Seeds collected in the Altai mountains/Russia in 1995


----------



## W. Beetus (May 7, 2012)

Great, dark color!


----------



## monocotman (May 7, 2012)

Fantastic colour!
David


----------



## tocarmar (May 7, 2012)

They look sick!! Send them too me to nurse them back to health!!  Very nice!! If you have extra pollen I could use it!!


----------



## Dido (May 7, 2012)

Nice one Berthold, like them


----------



## KyushuCalanthe (May 7, 2012)

Nice - someone needs to hybridize these deeper colored C. macranthos with larger flowered species like C. tibeticum or C. macranthos "hoteiatsumorianum" then back crossing it to Sabine or a large dark C. x ventricosum. I envision a extra large deep colored flower eventually. Of course I'd be near death by the time plants got to flowering size. Long term hybrid line development is for young people :rollhappy:


----------



## Berthold (May 7, 2012)

KyushuCalanthe said:


> Nice - someone needs to hybridize these deeper colored C. macranthos with larger flowered species like C. tibeticum or C. macranthos "hoteiatsumorianum" then back crossing it to Sabine or a large dark C. x ventricosum. I envision a extra large deep colored flower eventually. Of course I'd be near death by the time plants got to flowering size. Long term hybrid line development is for young people :rollhappy:



If such things happen I hope I will be dead. :evil:


----------



## KyushuCalanthe (May 7, 2012)

Berthold said:


> If such things happen I hope I will be dead. :evil:



Ah, you are a purist, huh? :evil:


----------



## KyushuCalanthe (May 7, 2012)

I posted this some years ago, so here it is again for those who were lucky enough to miss it the first go 'round.
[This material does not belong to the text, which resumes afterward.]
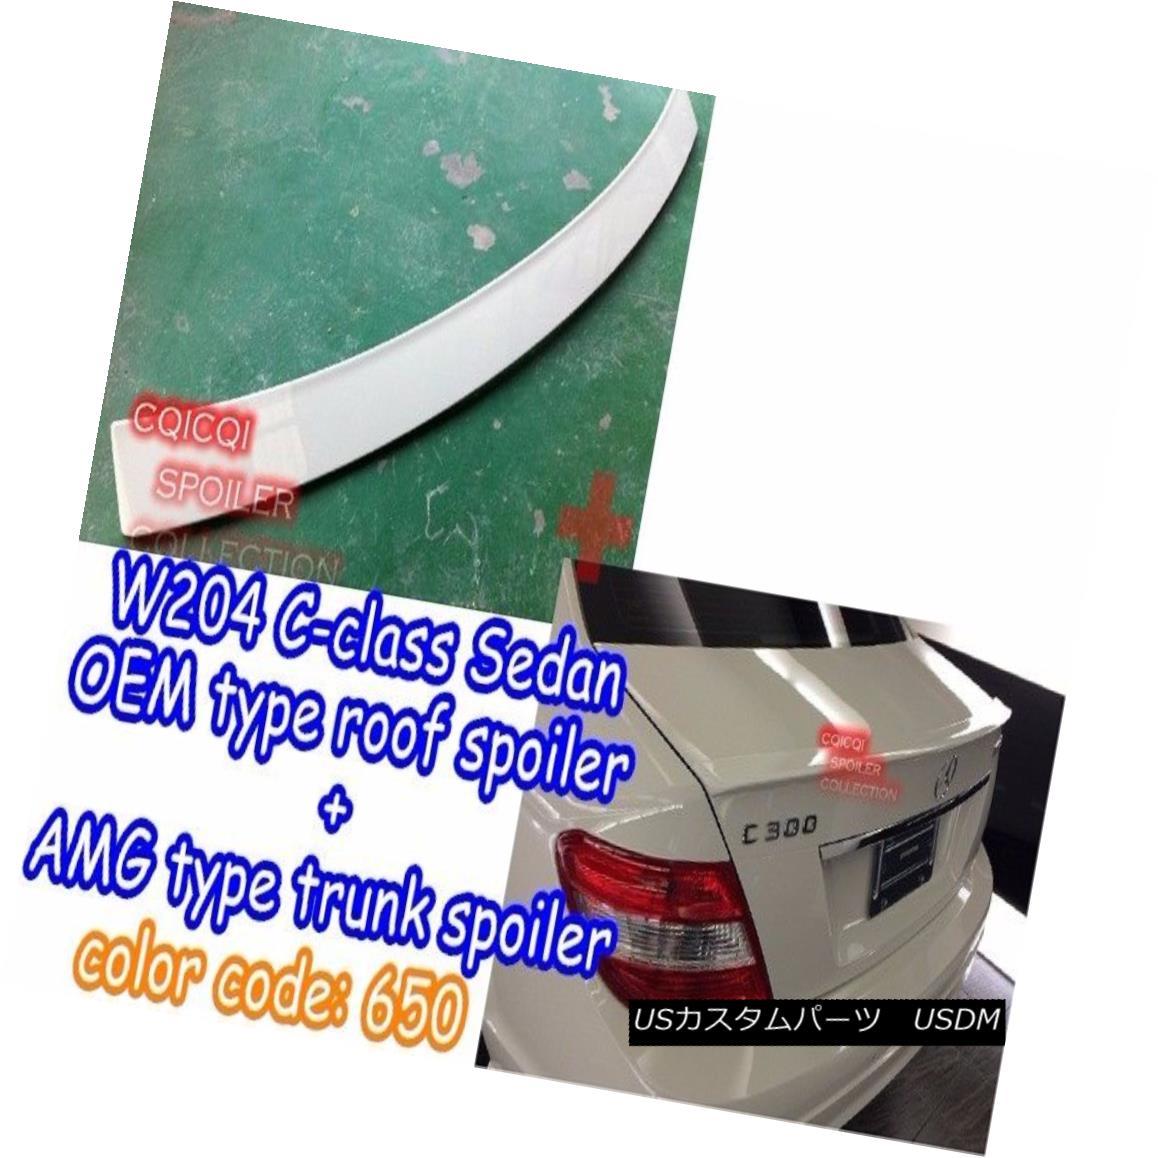 エアロパーツ Painted BENZ W204 Sedan OEM roof spoiler + AMG type trunk spoiler color-650 ◎ 塗装ベンツW204セダンOEMルーフスポイラー+ AMGタイプのトランクスポイラーカラー650?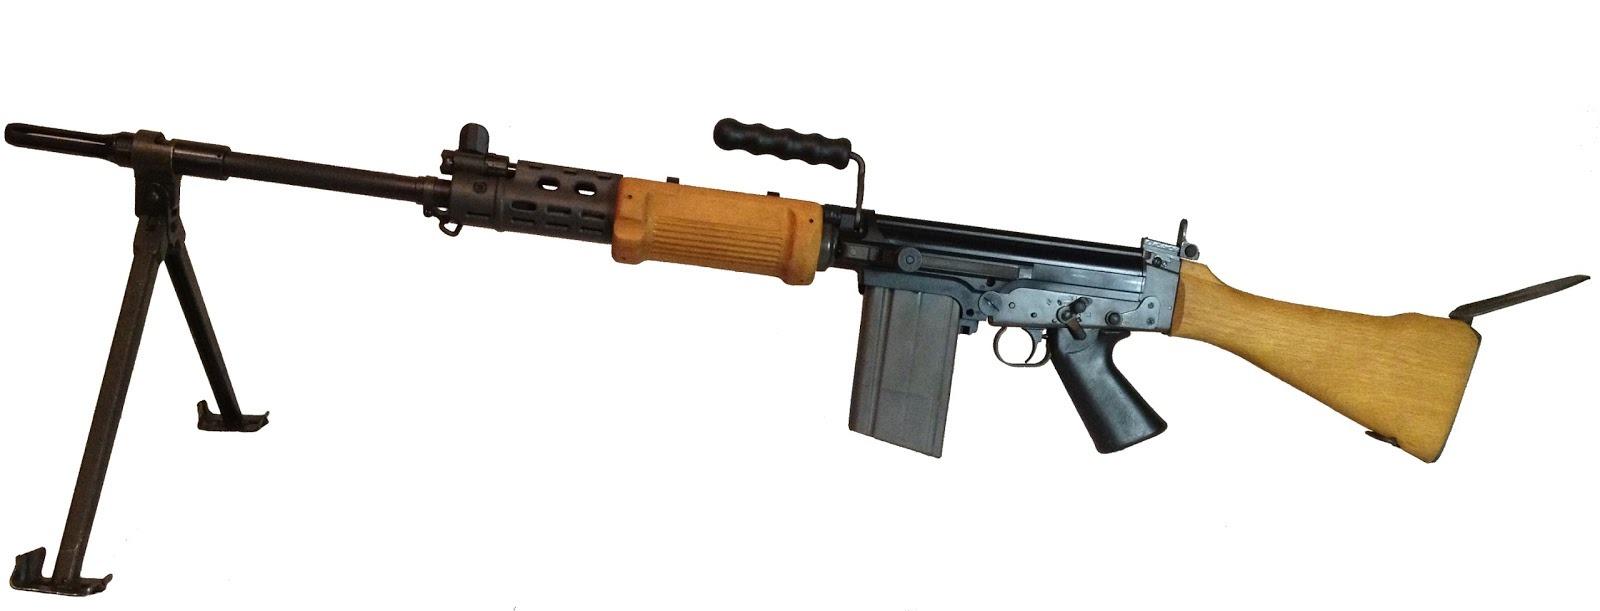 En la guerra de independencia de Israel, la Haganah estaba usando cualquier  arma que pudiera tener en sus manos - Kar98ks, Sten, SMLEs, etc.

It is my vision of the ultimate, HUGE, RED Cypripedium flower. I call it Cypripedium Red Rooster. Mad monkey man on the left for scale:


----------



## NYEric (May 7, 2012)

Nice. Did you grow them from seed!?!


----------



## Berthold (May 8, 2012)

NYEric said:


> Nice. Did you grow them from seed!?!



I got them as two years old just deflasked seedling. They were sowed by Walter Bongard.


----------



## tenman (May 9, 2012)

Wonderful!


----------